May Day at the General Assembly: Environmental Bills

May Day: An ancient celebration of spring.  “Mayday” : an international distress call. 

There will be lots of activity on significant environmental legislation today at the N.C. General Assembly:

Renewable Energy.  Rep. Mike Hager will attempt to revive House Bill 298 repealing the state’s renewable energy portfolio standard (REPS). Earlier posts on the REPS bill can be found here and here. The bill will be back in the House Public Utilities and Energy Committee at noon. A  motion to approve the bill failed in the same committee last week by a 5-vote margin, but the committee never voted to disapprove the bill.  A  story by John Murawski in today’s Raleigh  News and Observer suggests little change in the lineup for and against the bill. Conservative political organizations (including Americans for Prosperity) and anti-tax crusader Grover Norquist continue to push for repeal of the renewable energy standard as part of a national political strategy that has little to do with the costs and benefits of  repeal  in  North Carolina. Some key House lawmakers  still  oppose the bill because the renewable energy standard has brought new private investment and jobs to the state. A Senate version of the  REPS repeal bill  (Senate Bill 365) will get a first hearing in the Senate Finance Committee today. Rarely does an issue so clearly require a legislator to choose between the state’s interest and a position being promoted  by national political organizations.

Regulatory Reform. Senate Bill 612 (Regulatory Reform Act of 2013) will be up for a floor vote in the Senate this afternoon.  See an earlier post on bill language essentially repealing Neuse and Tar Pamlico River buffer requirements and a  more recent  post about  a provision requiring  environmental agencies to repeal state rules that are more stringent than federal regulations on the same subject. (Putting those two proposals in the same bill is interesting all by itself since the Neuse and Tar Pamlico buffer rules are critical parts of  federally required and federally approved state plans to reduce nutrient pollution in the two river systems. It appears that even a federal requirement may not be enough to save environmental rules in some cases.)

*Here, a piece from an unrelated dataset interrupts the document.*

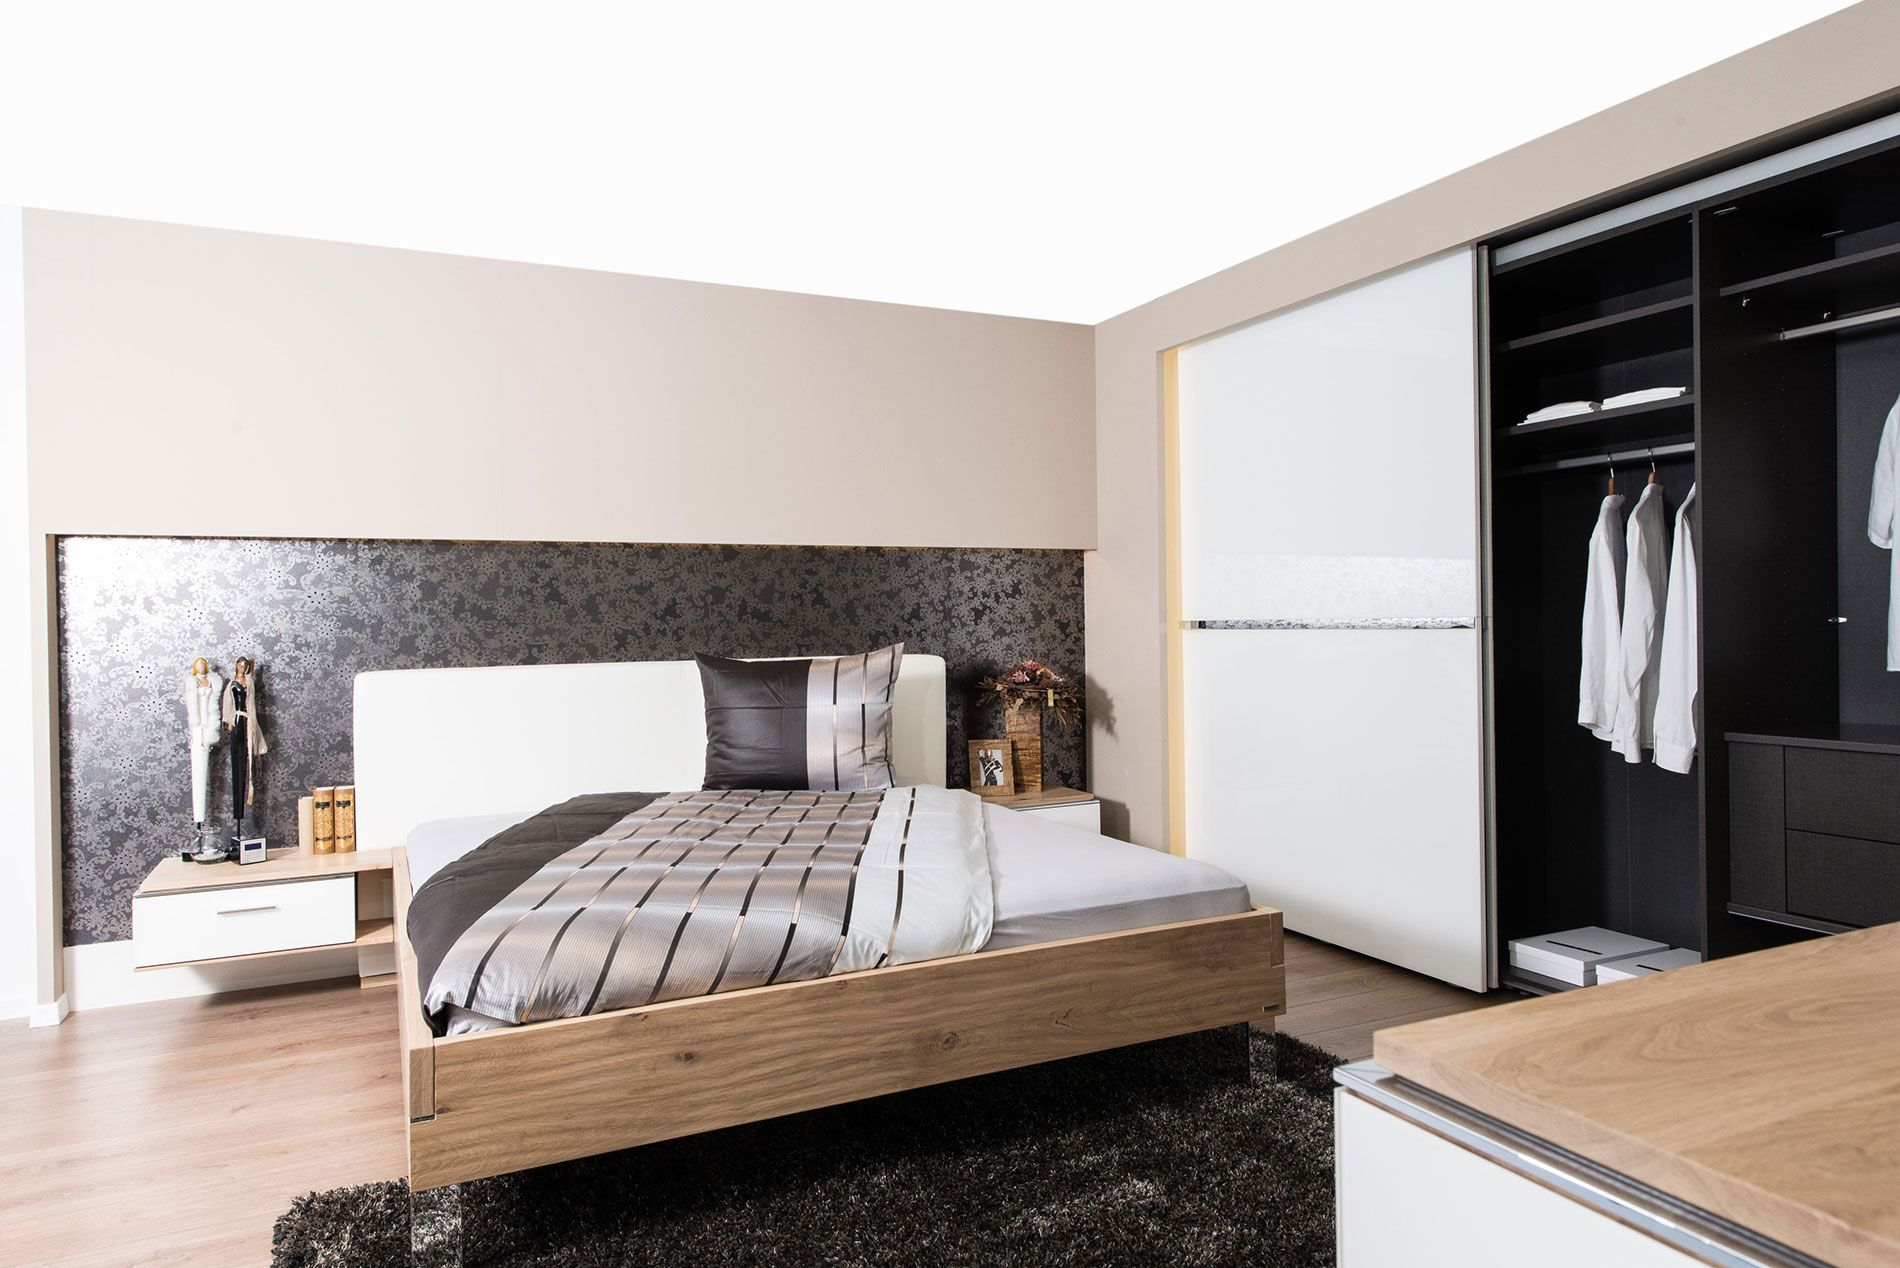 billige sitzscke latest great sitzscke with sitzscke kaufen with billige sitzscke great. Black Bedroom Furniture Sets. Home Design Ideas

The idea  that  state environmental rules  can simply track federal regulations  really misreads  federal environmental law. Senate Bill 612  assumes that federal agencies have adopted environmental regulations that can be simply picked up and applied by the state and that isn’t the case. Federal regulations alone would not, in most cases, be enough to make for a functioning   environmental permitting program  — or one that actually responds to the state’s needs.   All federal environmental laws  assume — and in many cases require —  that individual states will tailor the  federal  program to  address conditions in the state. (Since you won’t find estuaries in Arizona, that state’s Clean Water Act program does not look like  North Carolina’s program.)  This misunderstanding of the relationship between federal law and state environmental  rules means the most likely outcome of the Senate Bill 612 repeal requirement  will be conflict and confusion. It is unclear why the Senate chose to use a sledge-hammer rather than focus regulatory reform efforts on issues actually raised by citizens in comments to the Joint Committee on Regulatory Reform or through the rule review process  created  in G.S. 150B-19.2.

Water System Management.  House Bill 488 (transferring the Asheville water system to the Buncombe County Metropolitan Sewer District)  has come out of a conference committee to resolve differences between House and Senate versions of the bill. See an earlier post for background on the Asheville controversy.   The Senate has approved the conference report; the conference report does not appear on today’s House calendar yet, but could be added. Note: The Buncombe County MSD  had a major sewer spill yesterday;  the details (such as cause and the total amount of raw sewage spilled to the French Broad River)  are not yet clear. The spill caused me to look at House Bill 488 again and it turns out that the bill does not condition transfer of the Asheville water system on the MSD’s compliance with environmental standards or on actual transfer of the water system’s operating permit to the MSD.